• [THE TASK] Look below for the line with "Patagonia Damen Jacke W'S Down Sweater Hoody" and the line with "все цены на"; repeat exactly those two lines and all lines between them, but no pictures.

• [GIVEN DATA]
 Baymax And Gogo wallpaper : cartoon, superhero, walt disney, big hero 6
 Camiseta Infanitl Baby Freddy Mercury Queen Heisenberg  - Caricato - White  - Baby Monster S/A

* * *

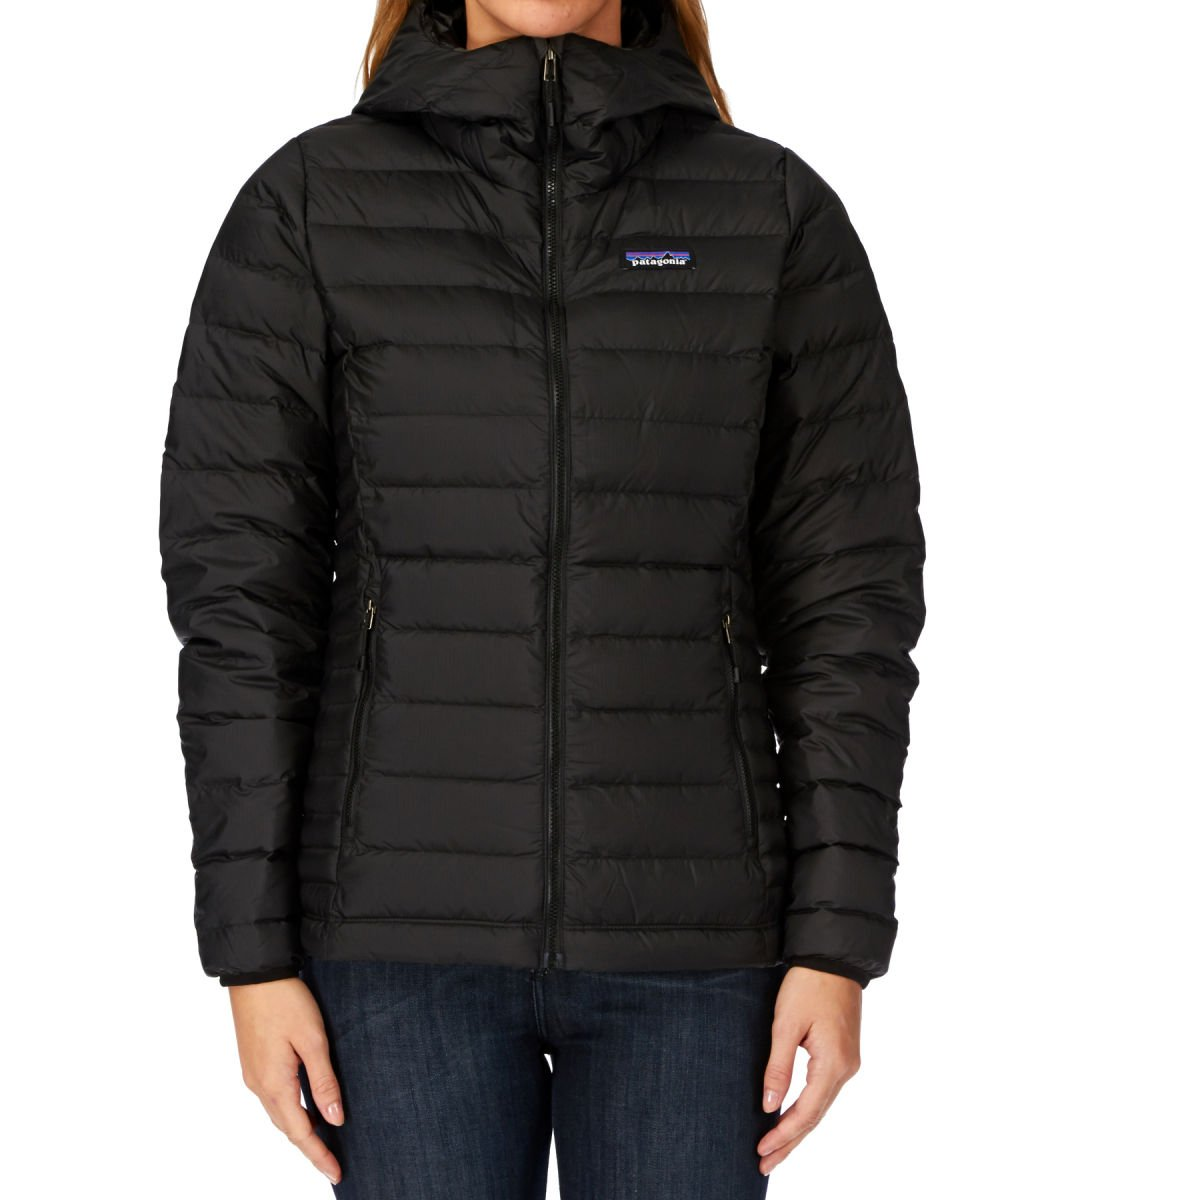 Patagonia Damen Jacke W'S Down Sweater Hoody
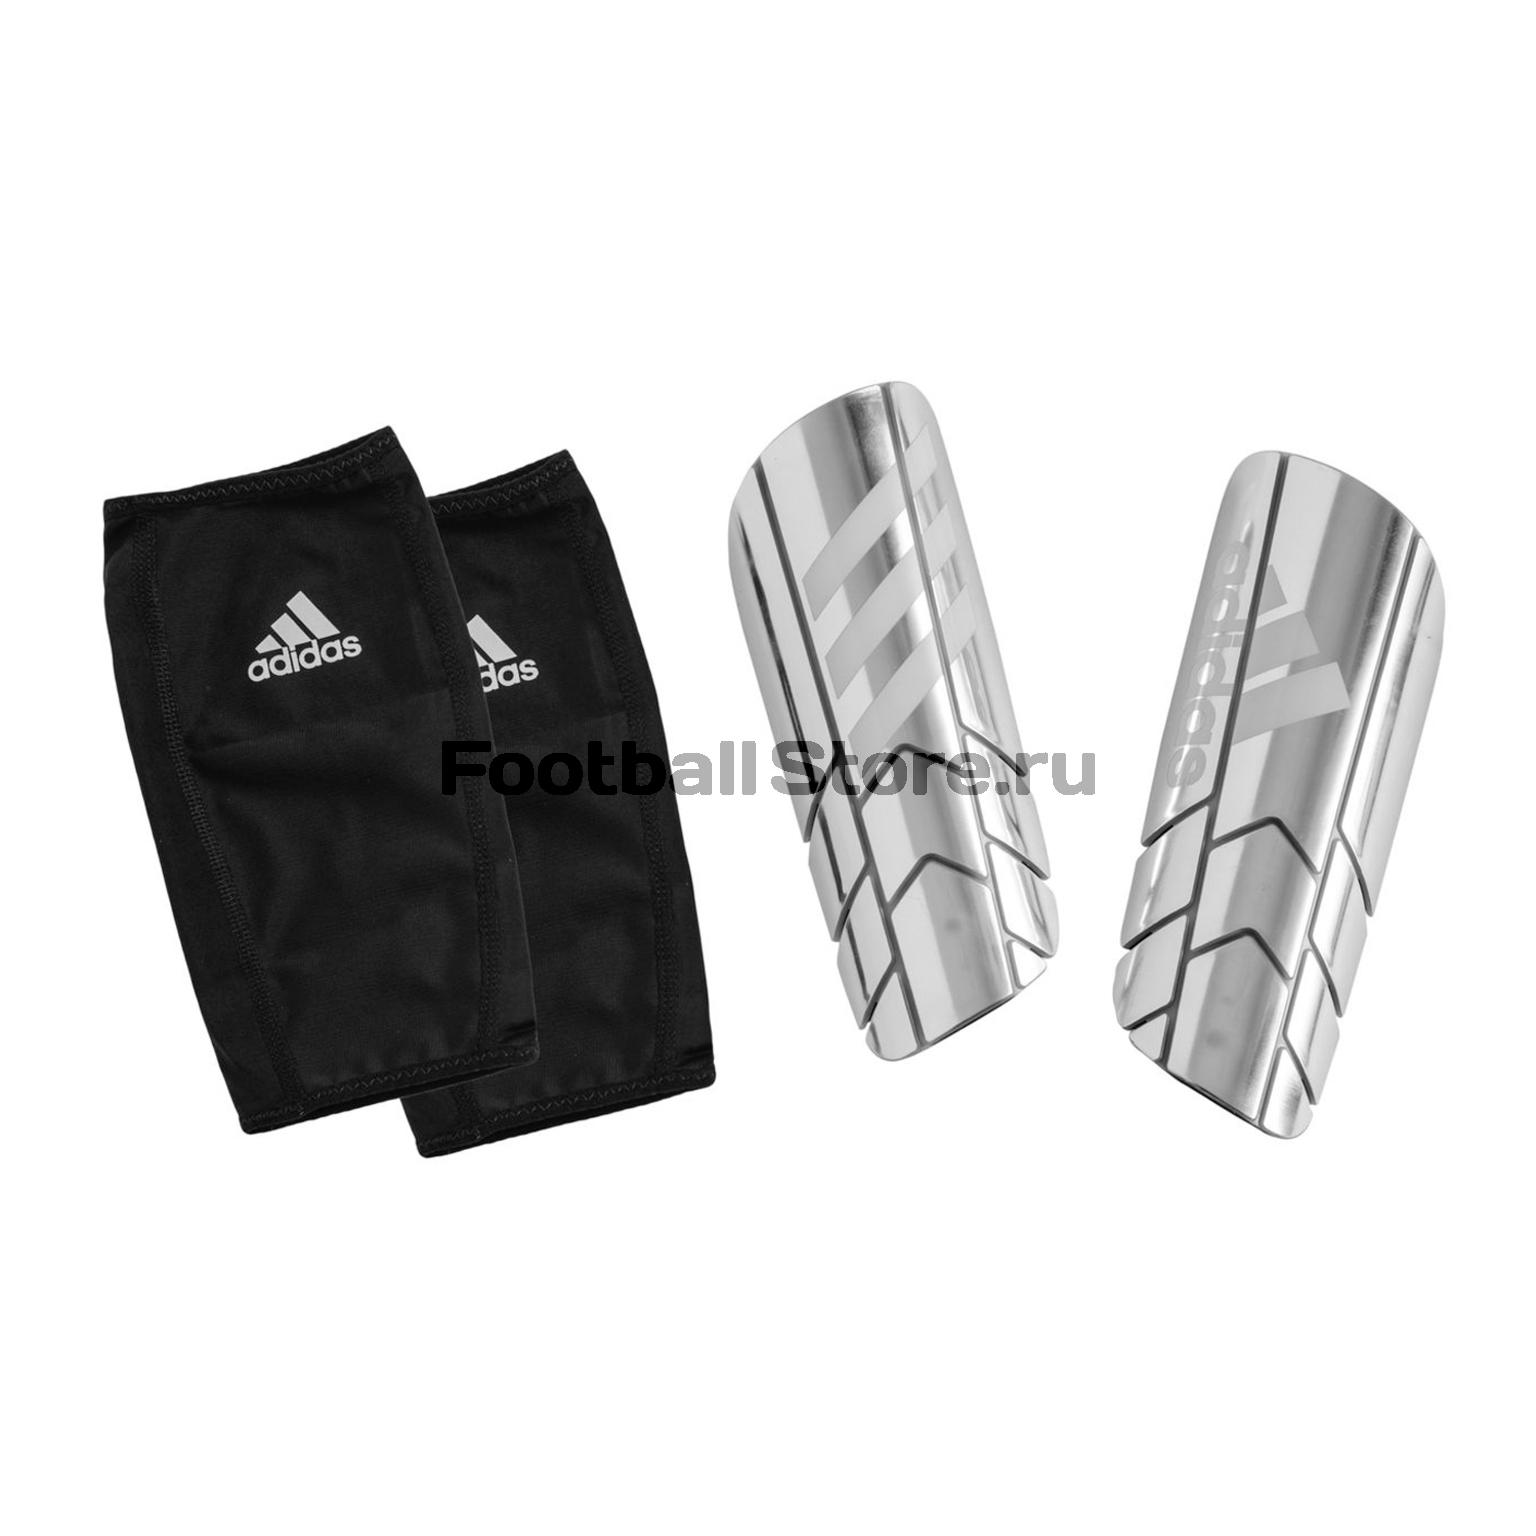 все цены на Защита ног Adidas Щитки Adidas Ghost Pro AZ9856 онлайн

• [RESPONSE BELOW]
 Patagonia Damen Jacke W'S Down Sweater Hoody
 все цены на Защита ног Adidas Щитки Adidas Ghost Pro AZ9856 онлайн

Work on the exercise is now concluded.